One can’t actually overstate the significance of AUSTRAC’s legal assault on Westpac. The numbers alone are well past staggering. The federal regulator overseeing Australia’s anti-money laundering law has filed in the Federal Court its accusation that, between 2013 and 2018, Westpac broke that law over 23 million times.

That’s around 12,000 contraventions a day. People with bigger calculators than me have been doing the maths, working out that the theoretical maximum possible fine is over $400 trillion.

Not long ago, AUSTRAC went after the Commonwealth Bank over a mere 53,700 breaches, and CBA agreed to a penalty of $700 million. On that basis, Westpac would be up for about $300 billion.

Realistically? We’re looking at the multiple billions, if AUSTRAC can prove its case.

The media has focused on the allegations that Westpac allowed money to flow out of its customers’ accounts to pay for child sex trafficking in the Philippines. That detail is disgusting, both in itself and in what it says about the bank’s values.

AUSTRAC had been warning the banks since at least 2013 about specific risks — what they call child exploitation typologies. There are financial behaviours that tend to go hand in hand with trafficking, and the banks are supposed to implement policies to detect them. 

Westpac instead allowed, for example, one customer over six years to transfer $136,000 in 625 separate transactions to the Philippines, where he had no family ties or other obvious reason for sending money there. In 2014 he transferred money to a person who was arrested a year later for live streaming videos of child sex and offering children for sex.

This should have lit Westpac’s screens up like Christmas. But it did nothing, and the money kept flowing, right through to July this year.

There are other similar examples. But the wrongdoing is so much more comprehensive than that. Over five years, Westpac received over 19 million incoming international funds transfers from four overseas banks, totalling $11 billion. These represented 72% of all the international transfers it received in that period. Each of the transfers was required to be reported to AUSTRAC, within 10 business days. Not one was; Westpac didn’t start reporting them at all until late in 2018, and still took a year to get them all in.

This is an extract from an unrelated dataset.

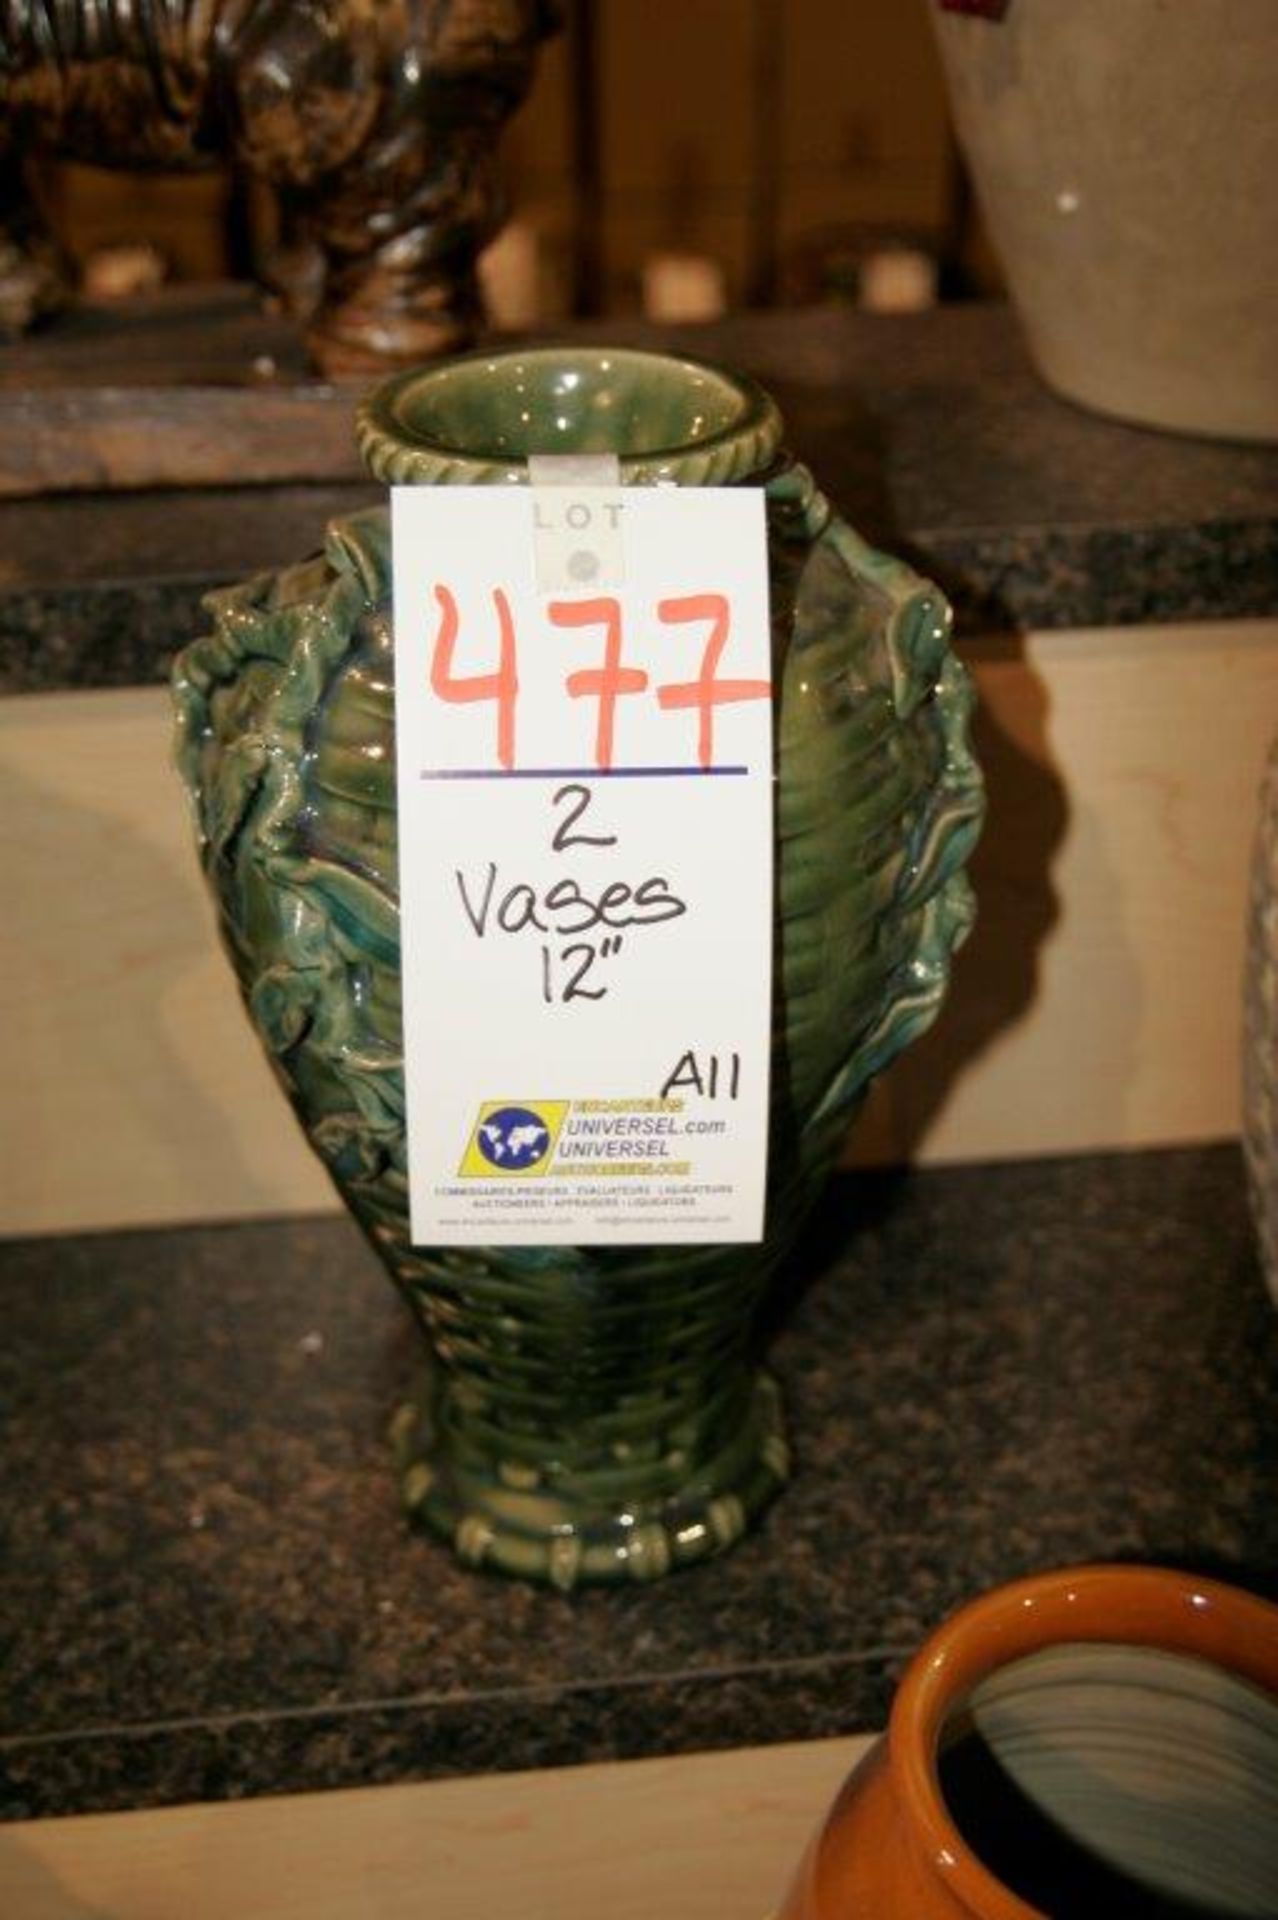 Vases 12" (A11)

In over-arching terms, what AUSTRAC says Westpac did between 2013 and 2018, to comply with its anti-money laundering compliance obligations, was four-fifths of fuck all. The bank set up numerous arrangements with overseas correspondent banks to facilitate the cheap and easy transfer of funds, for the convenience of each bank and its customers. It allegedly paid nothing more than lip service to the law which was designed to combat money laundering, knowing what money laundering facilitates: terrorism, organised crime and human trafficking.

AUSTRAC’s case is not that Westpac was asleep at the wheel. Its case is that Westpac blithely allowed itself to become an unsecured ATM for the inflow and outflow of billions of dollars of money coming from or going to people (like traffickers) and places (such as countries under UN sanction) with no mechanism or concern for identifying, tracking or knowing who or what these were. It simply didn’t care.

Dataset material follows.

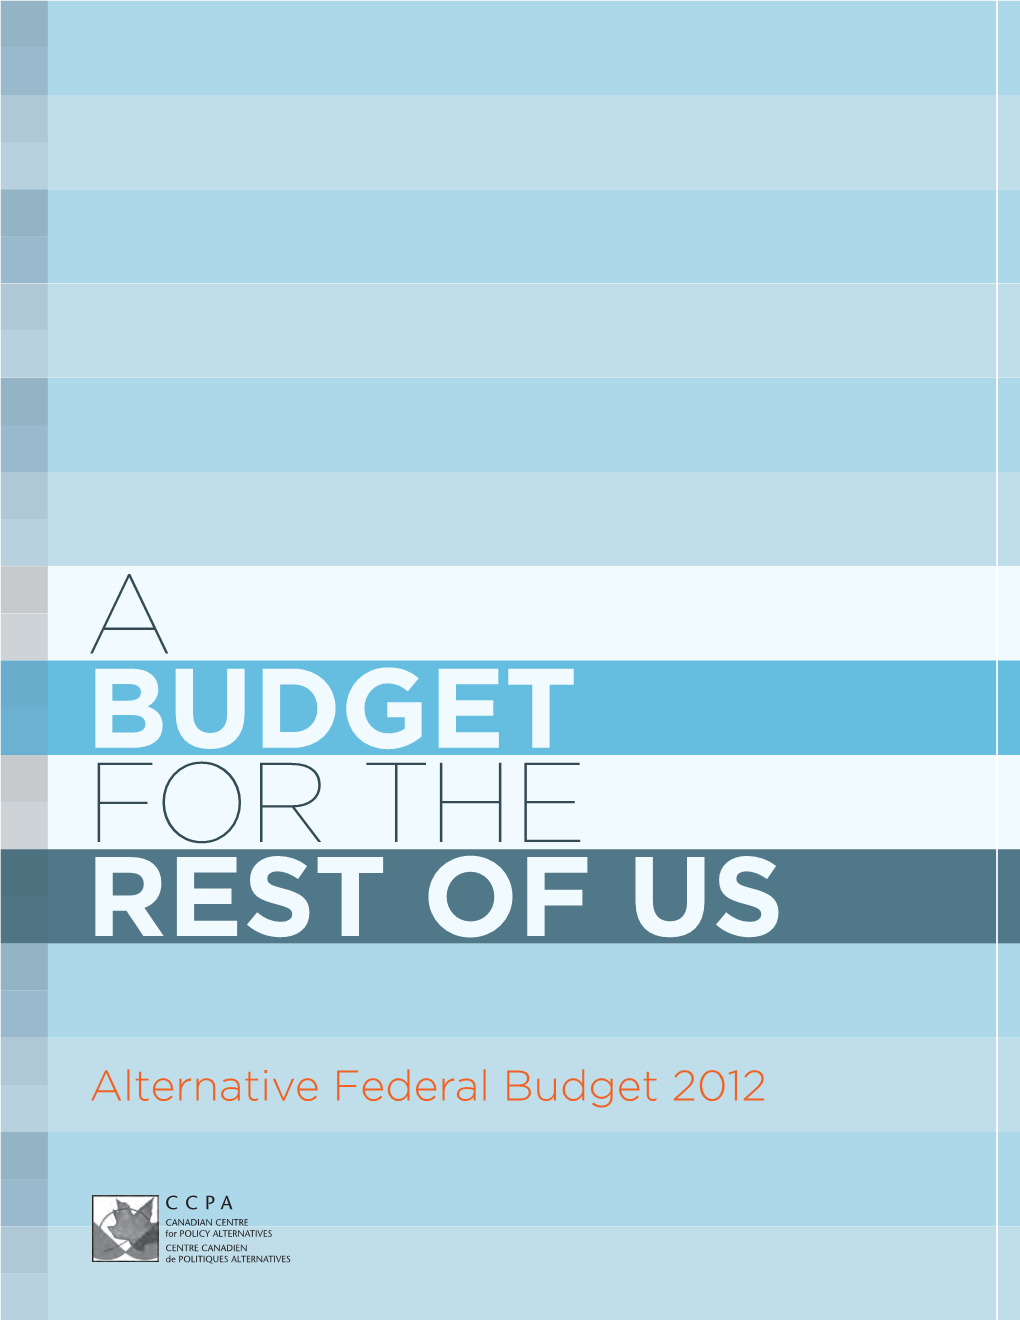 Alternative Federal Budget 2012 5 Their Statement Urged Countries to “Manage Fiscal Consolidation to Pro- Mote Rather Than Reduce Prospects for Growth and Employment

The breach of clear legal obligation is breathtaking in its extent (I’d keep saying “alleged” but it’s tiring and anyway banks can’t sue for defamation). Westpac is facing civil penalties only, not criminal sanctions, but this case will highlight that we need a bigger stick than just money for this degree of wilful culpability.

Whatever penalty Westpac ends up paying, it just announced a full-year profit of $6.78 billion — and that was a disappointingly low number. It will, financially, survive this, just as each bank has survived each post-Royal Commission scandal.

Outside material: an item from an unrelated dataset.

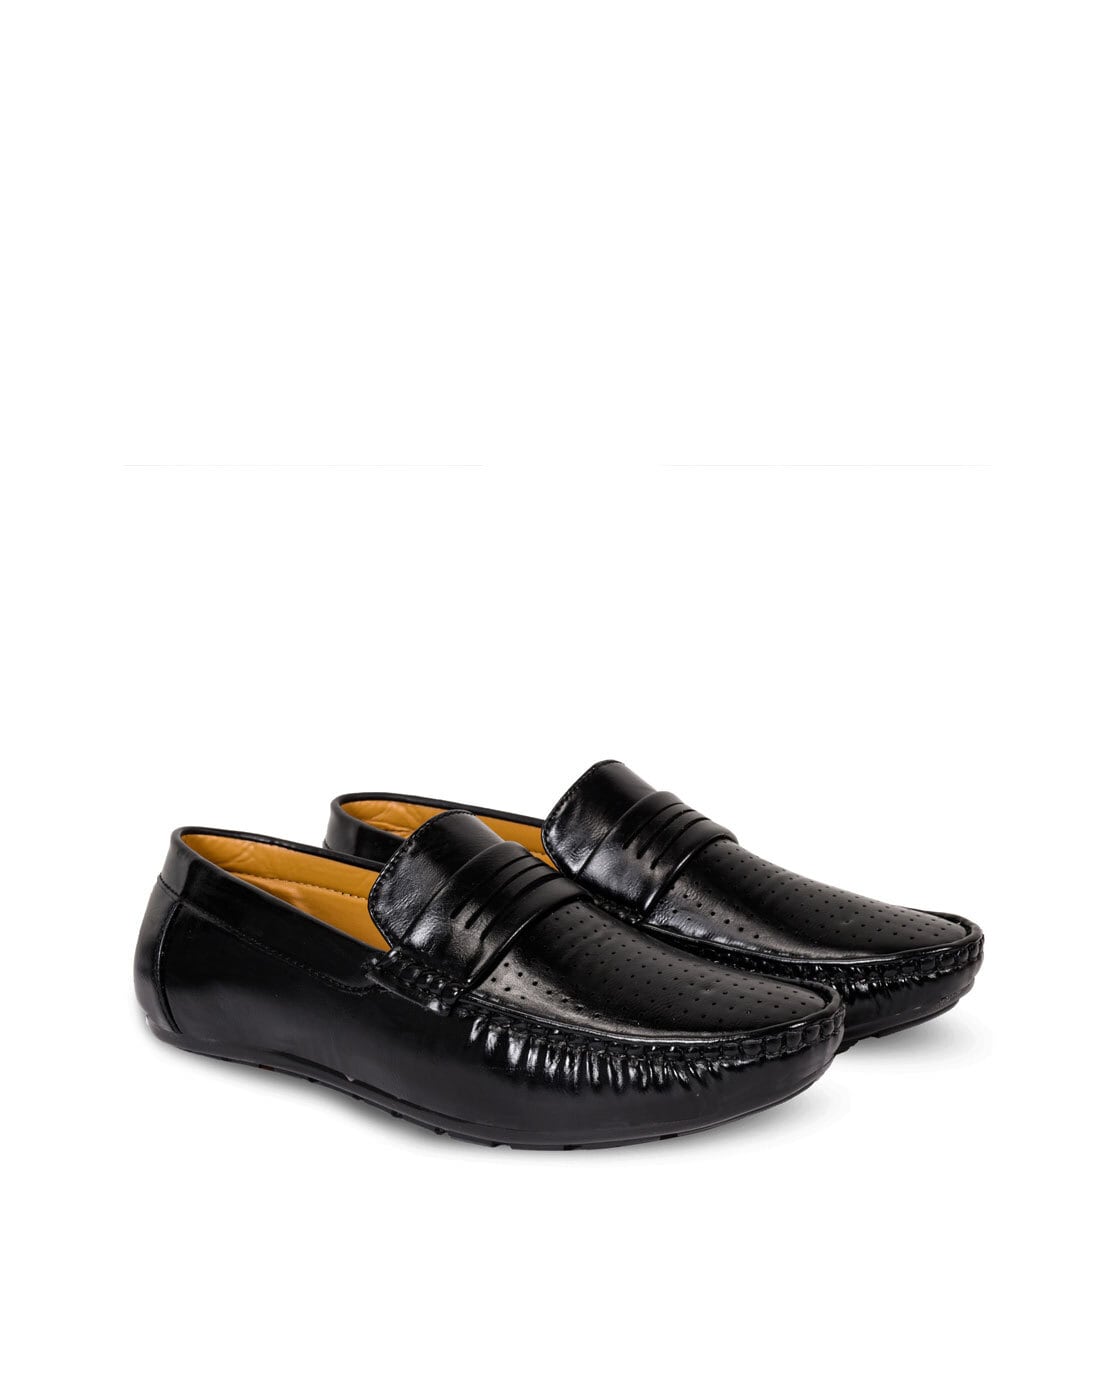 Shuan synthetic leather loafer shoes for men

There is a bigger question though. Westpac, like its peers, has a social licence that justifies its continued existence. That is not merely abstract; the licence is enshrined in the Four Pillars policy and the implicit guarantee of its deposits which rests on the sovereign wealth of Australia. There are no non-government institutions in this country that enjoy the special status with which we have vested those four banks.

Westpac has no biblical or constitutional right to be. Its licence carries a quid pro quo: that it will act with integrity. Our social expectation of banks these days is, in reality, lower than in times past, because we have become inured to their venality and we know that that reflects the primacy we have given to pursuit of shareholder gain. So we’re not really that surprised that they sell life insurance to the dead or charge fees for no service.

Still, even within the frame of our lowered faith, there’s a line. There’s a point at which the disgust reaches our mouths. AUSTRAC is trying to say, in its own way, that the Rubicon has been crossed. The immediate indications are that Westpac is not contemplating that there may be no way back, and the media largely agree.

They may be right; maybe Westpac cuts a cheque for a few billion, takes the hit and the circus moves on. But I’m not so sure.